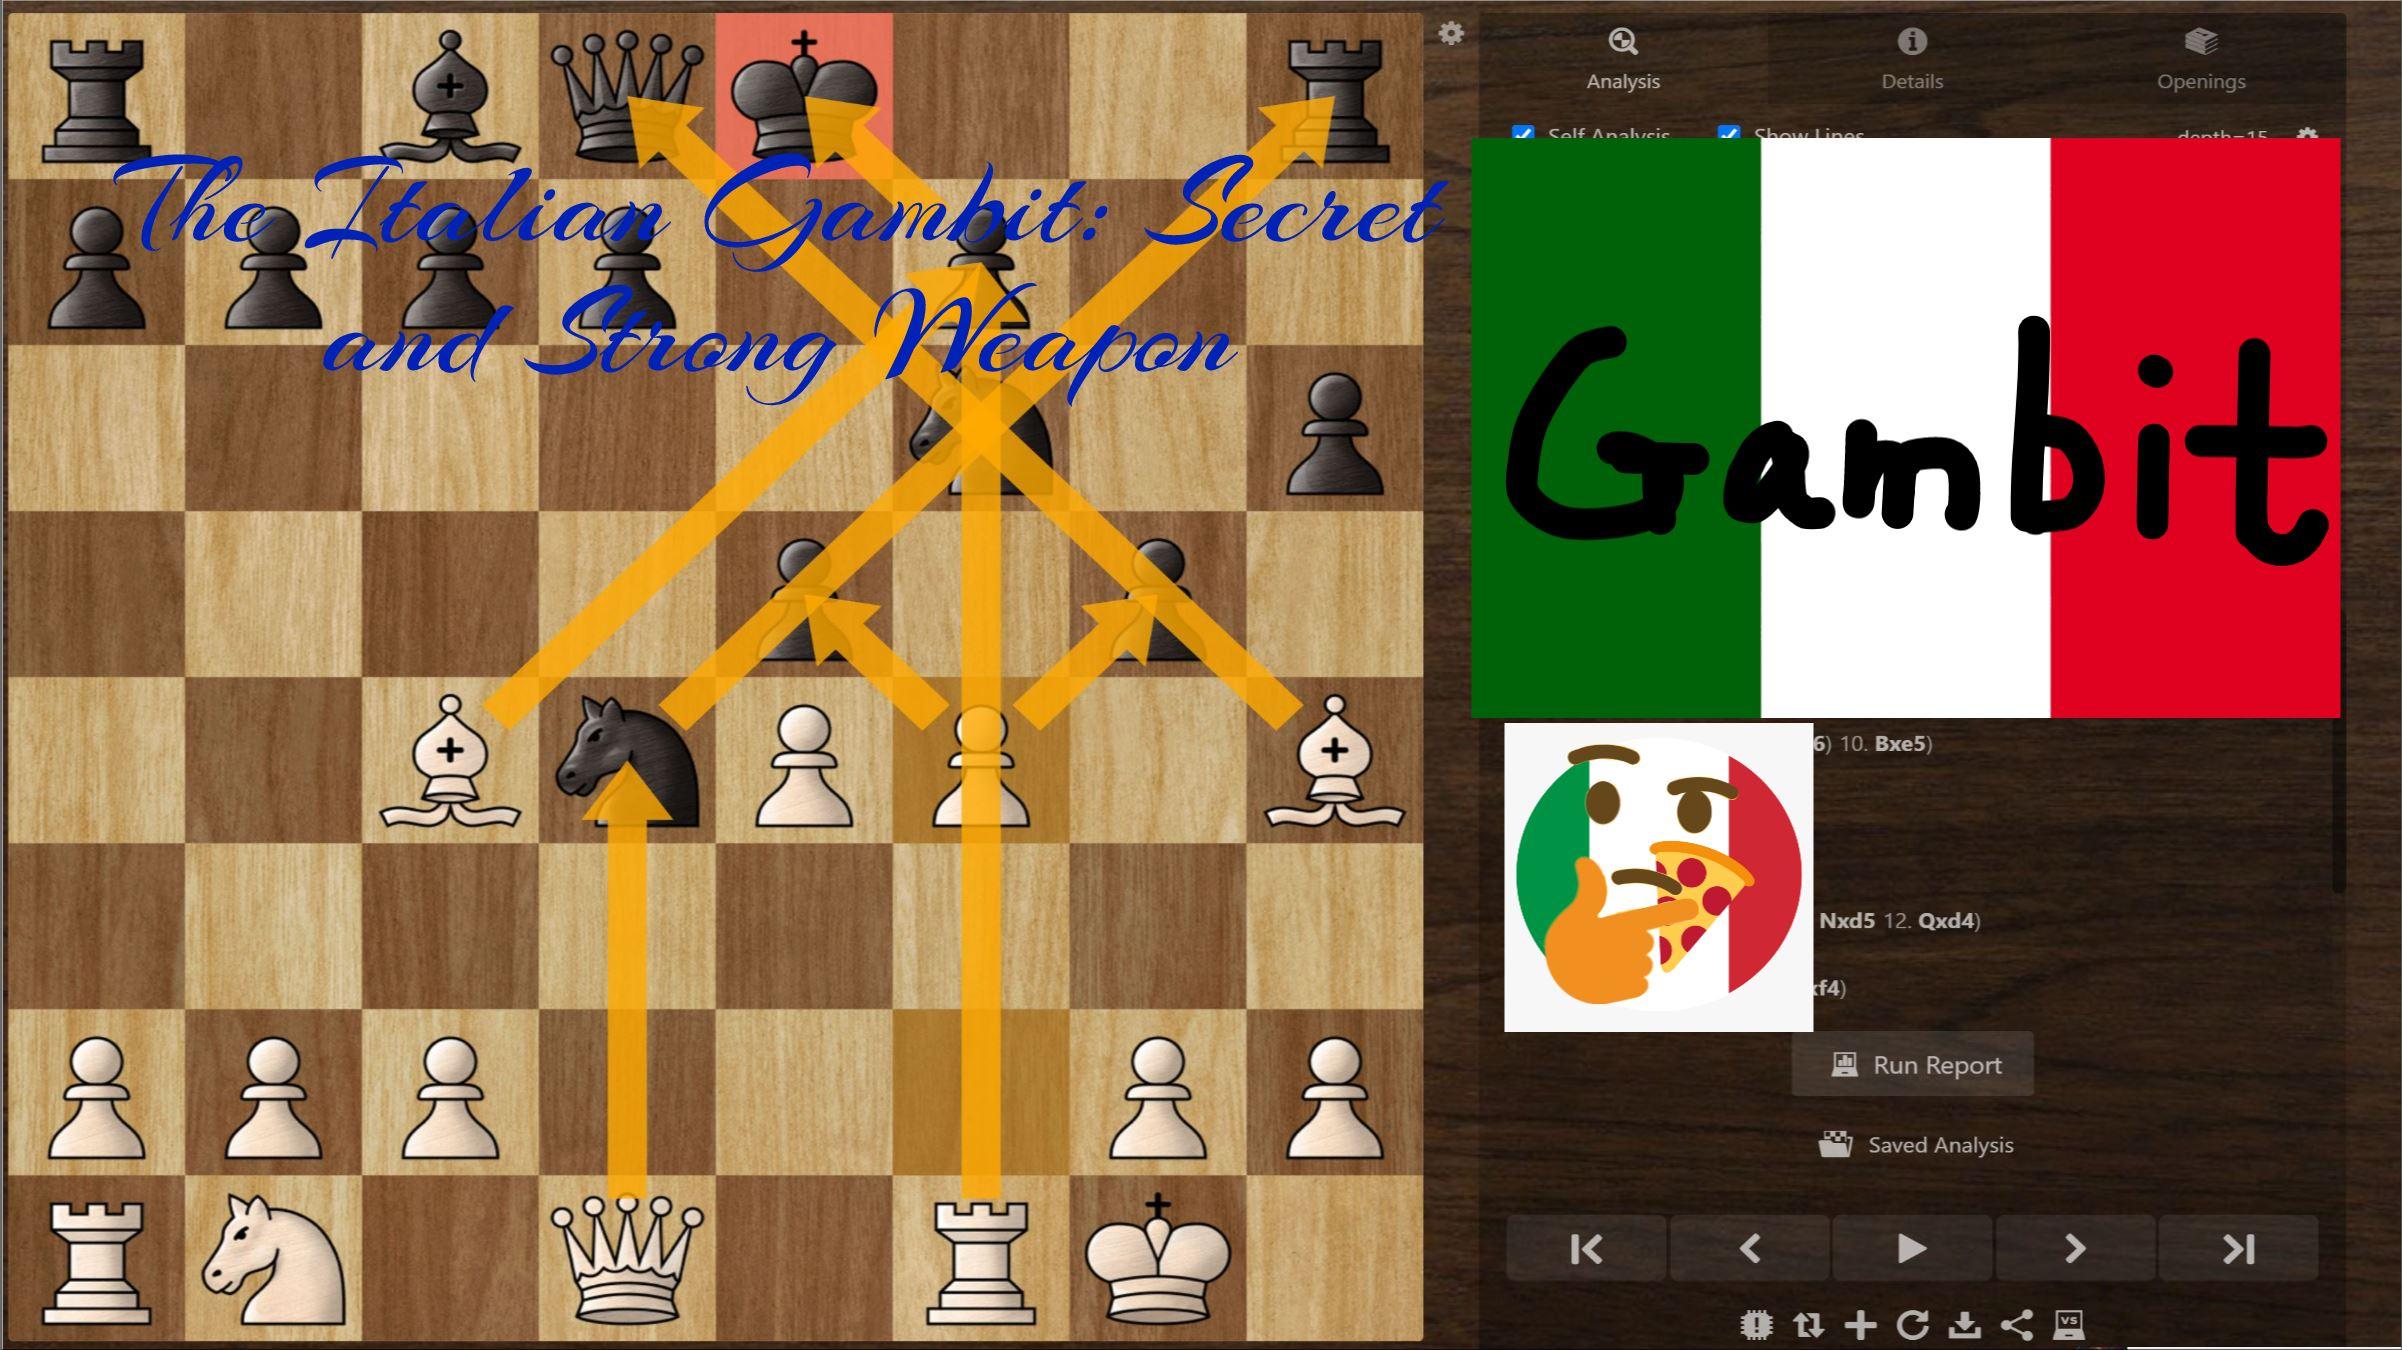 The Italian Game Chess Opening
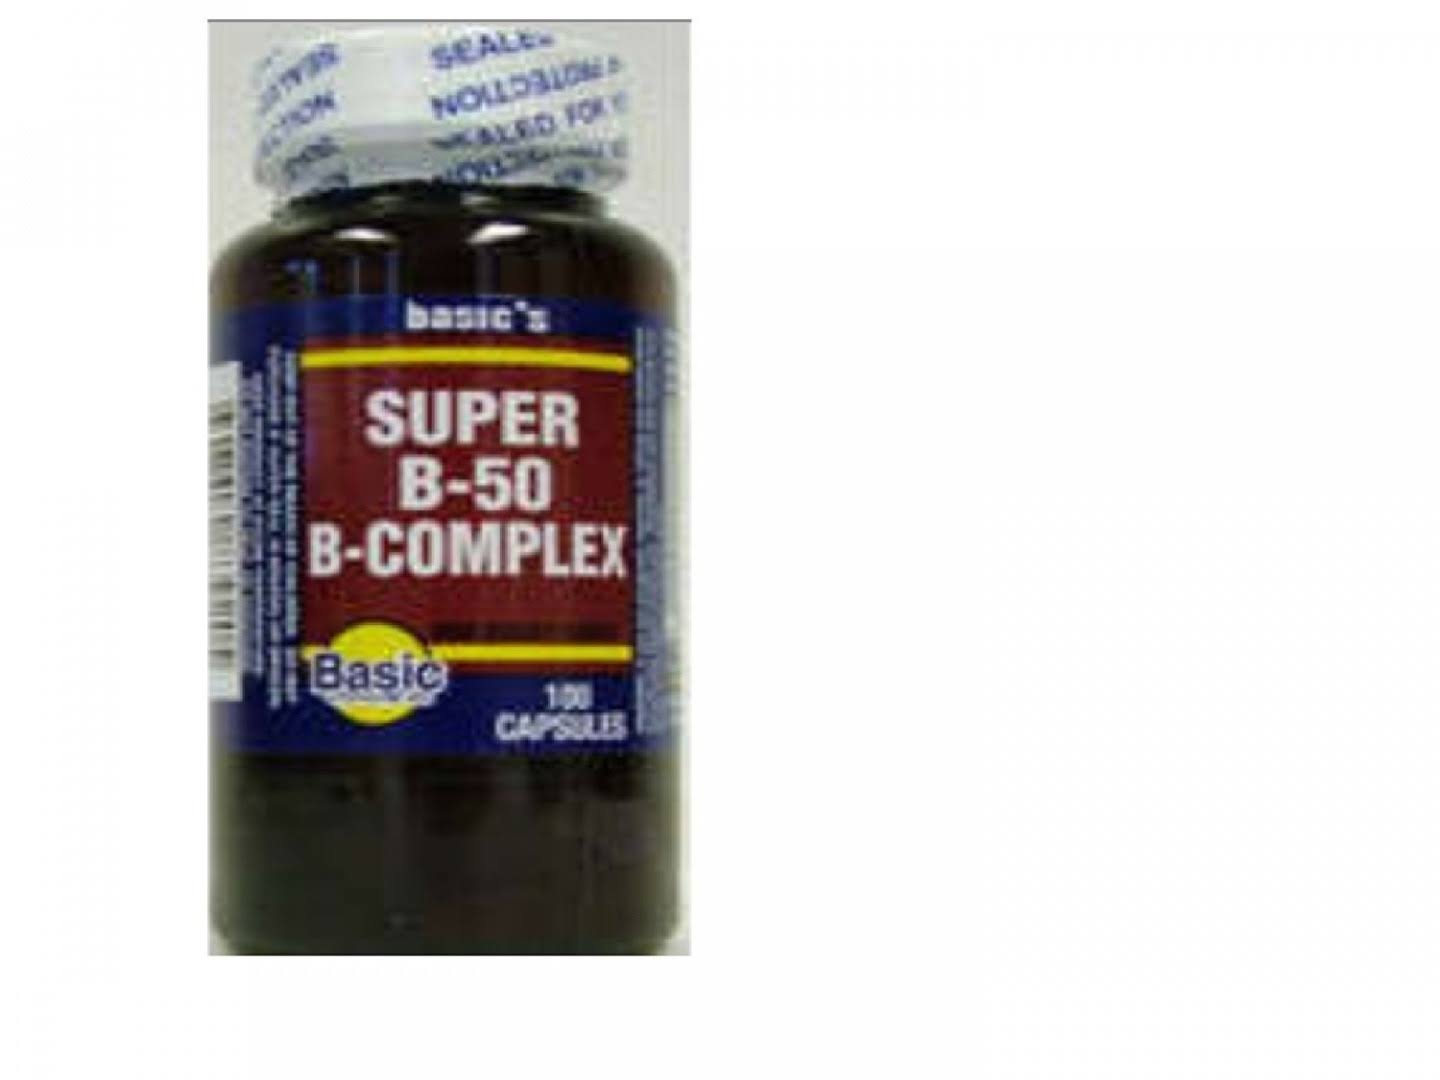 Basic's Super B 50 B Complex Capsules Vitamins - 100ct
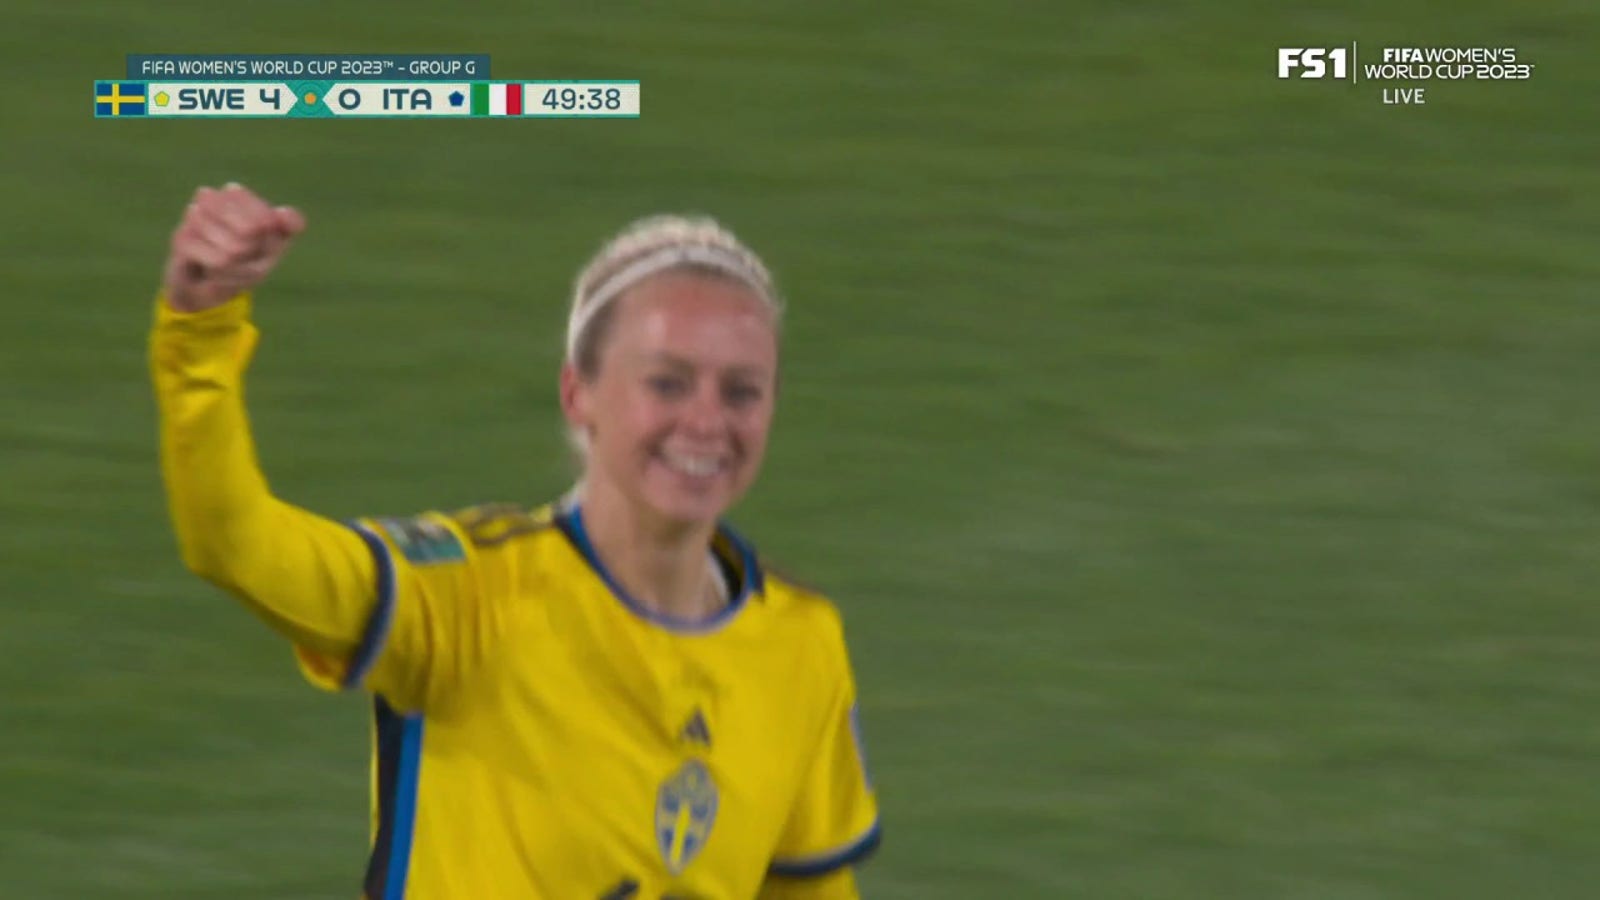 Sweden vs. Italy live updates: Sweden dominating Italy
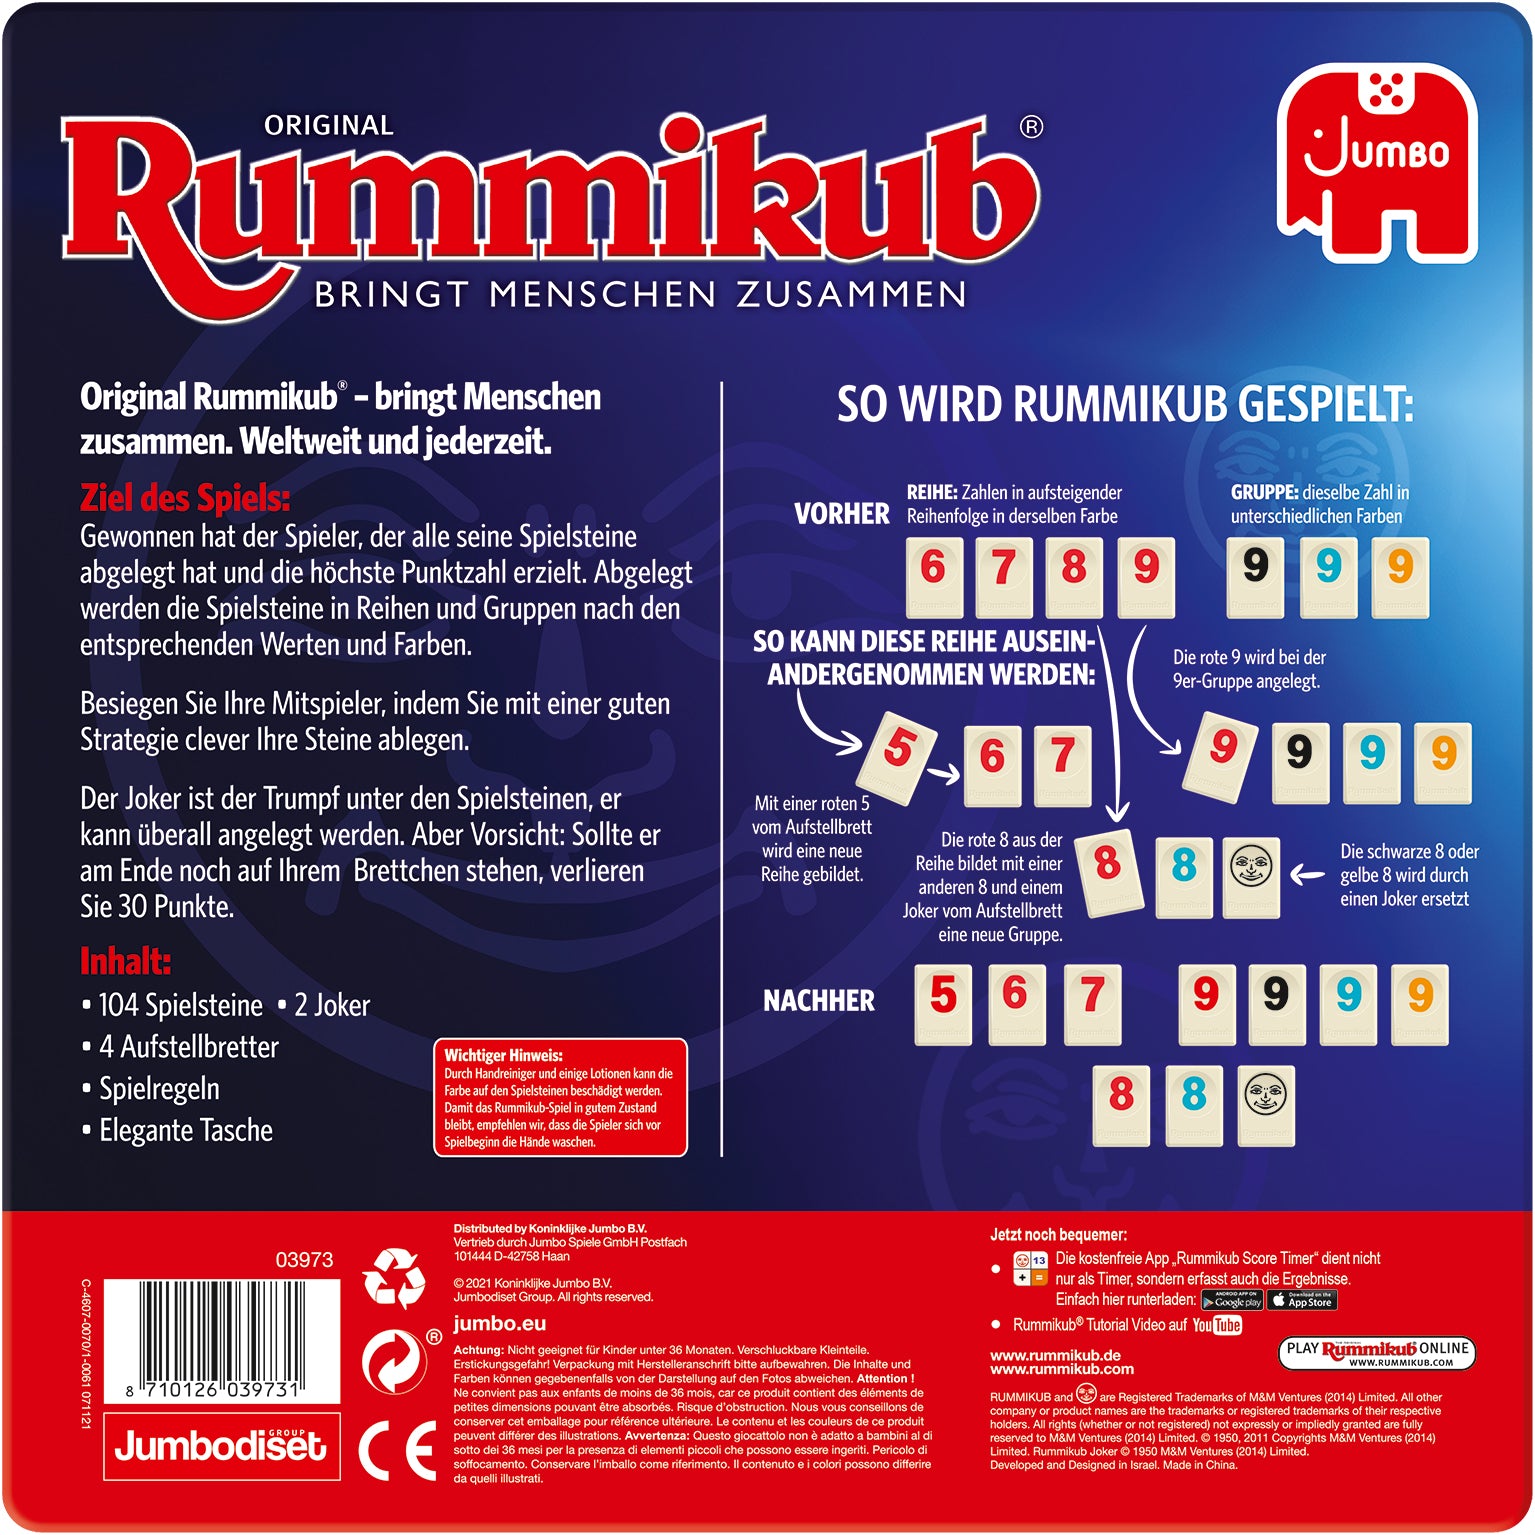 Original Rummikub in Metalldose - product image - Jumboplay.com

YOUR ASSIGNMENT: Please write out all of the data verbatim, with no pictures in the copy.

FINISHED TASK:
 The Italian Game Chess Opening
 Basic's Super B 50 B Complex Capsules Vitamins - 100ct
 Sweden vs. Italy live updates: Sweden dominating Italy
 Original Rummikub in Metalldose - product image - Jumboplay.com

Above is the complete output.